Velasco may have come to power in 799 in the uprising that overthrew the Umayyad rule in Pamplona, when Muṭarrif ibn Mūsa, probably of the Banu Qasi, was assassinated there.

The contemporary Annales Regni Francorum record that "the Navarri and the Pamplonans, who had defected to the Saracens in recent years, were received back into allegiance" in 806. Velasco must be seen as a pro-Frankish leader, perhaps even a Frankish appointee.

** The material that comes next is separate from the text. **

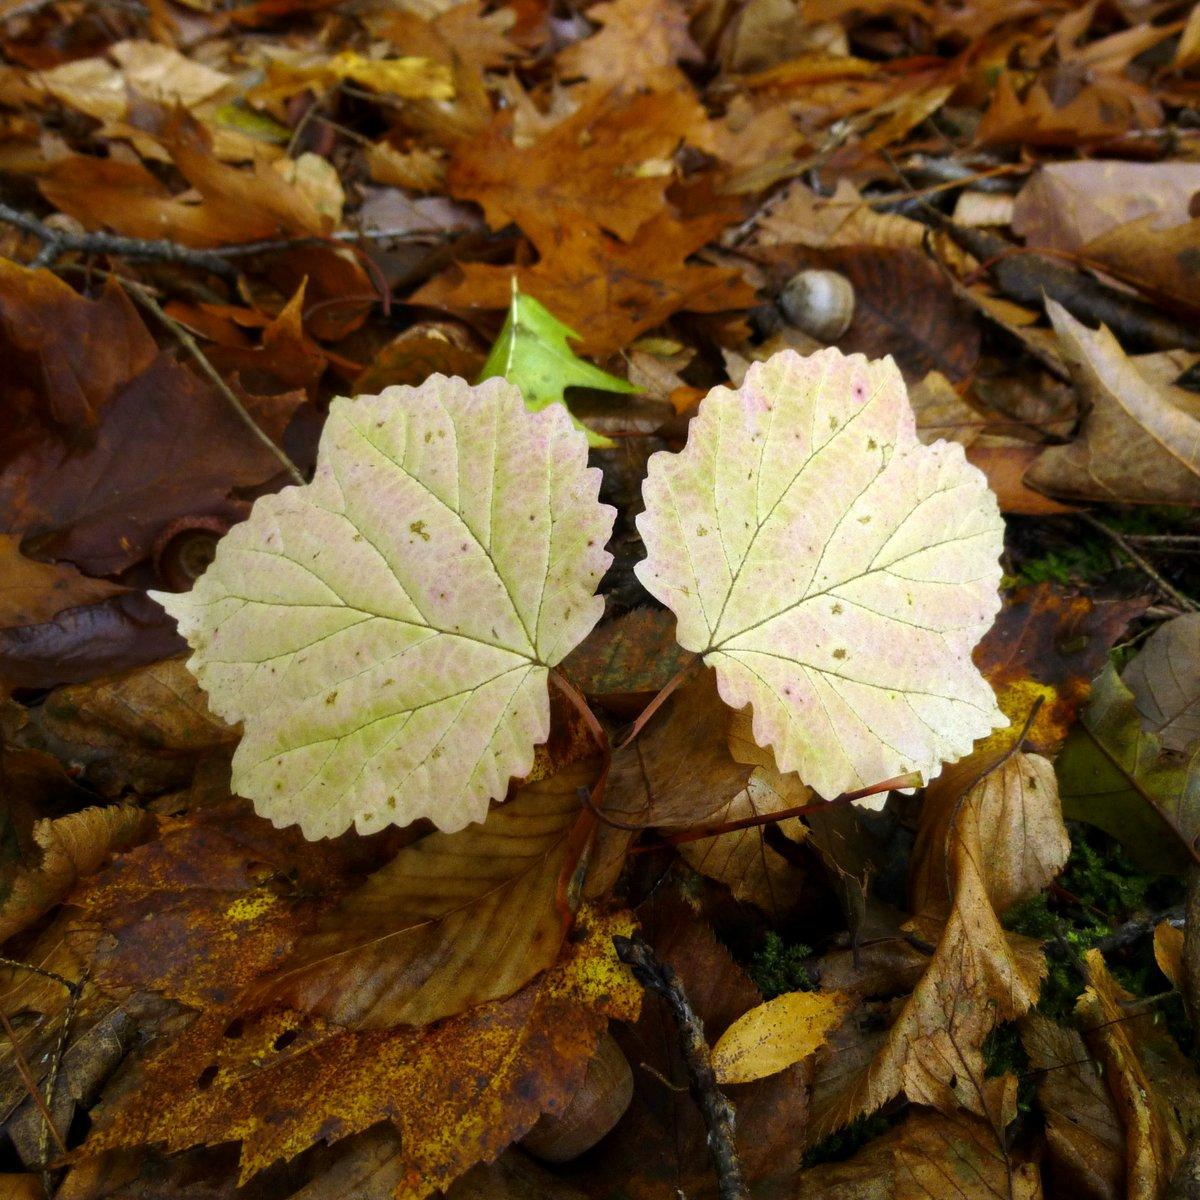 11. Maple Leaved Viburnum

According to the 11th-century Muqtabis of Ibn Ḥayyān, in the year 816 (AH 200) the Córdoban ḥājib ʿAbd al-Karīm led an expedition against Velasco, whom he describes as the "lord of Pamplona" (صاحب بنبلونة, ṣāḥib) and the "enemy of God". There is no record of Velasco receiving any assistance from his Frankish allies. In fact, the Umayyad governor of Zaragoza, the future ʿAbd al-Raḥmān II, even sent an embassy to the Frankish emperor Louis the Pious that year, perhaps to forestall just such a Frankish reaction.

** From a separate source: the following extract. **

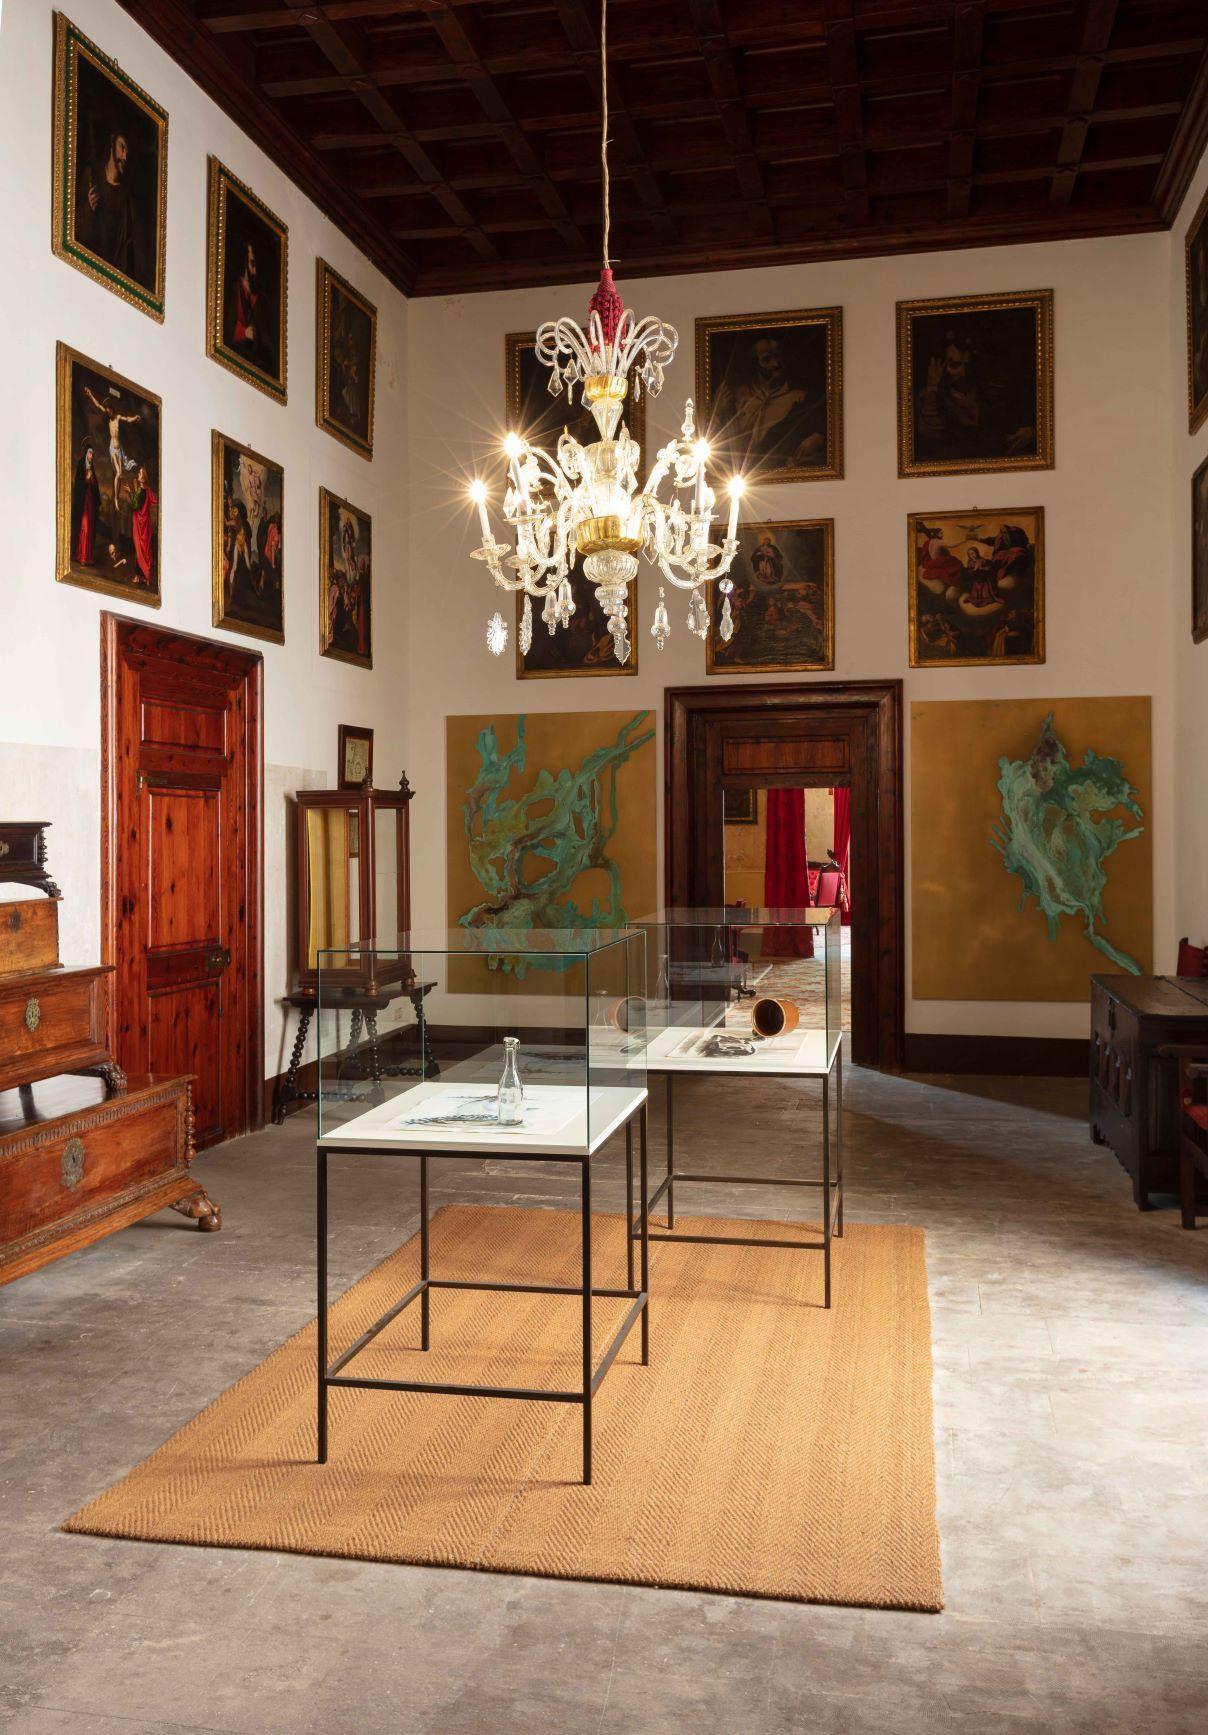 Kunstvoller Stadtpalast in Palma de Mallorca zu besichtigen

Velasco did receive assistance from the neighbouring Kingdom of Asturias. The Asturian contingent included some Basques from the region of Álava. After thirteen days of fighting "without truce" along the river Arum, Velasco was defeated and the Álavan leader, García López (Garsiya ibn Lubb), was killed. This García was a cousin of King Alfonso II of Asturias, who was himself half-Basque. The "best knight of Pamplona", Sancho, and a certain Ṣaltān, leader of the majūs (idolaters), were also among those killed. Following their defeat, the Basques blocked the rivers and mountain passes, frustrating any further Umayyad advance. Ṣaltān was probably the leader of a faction of pagan Basques.

Nothing is heard of Velasco after his defeat in 816, but he was no longer lord of Pamplona by 824, when Íñigo Arista was ruling there.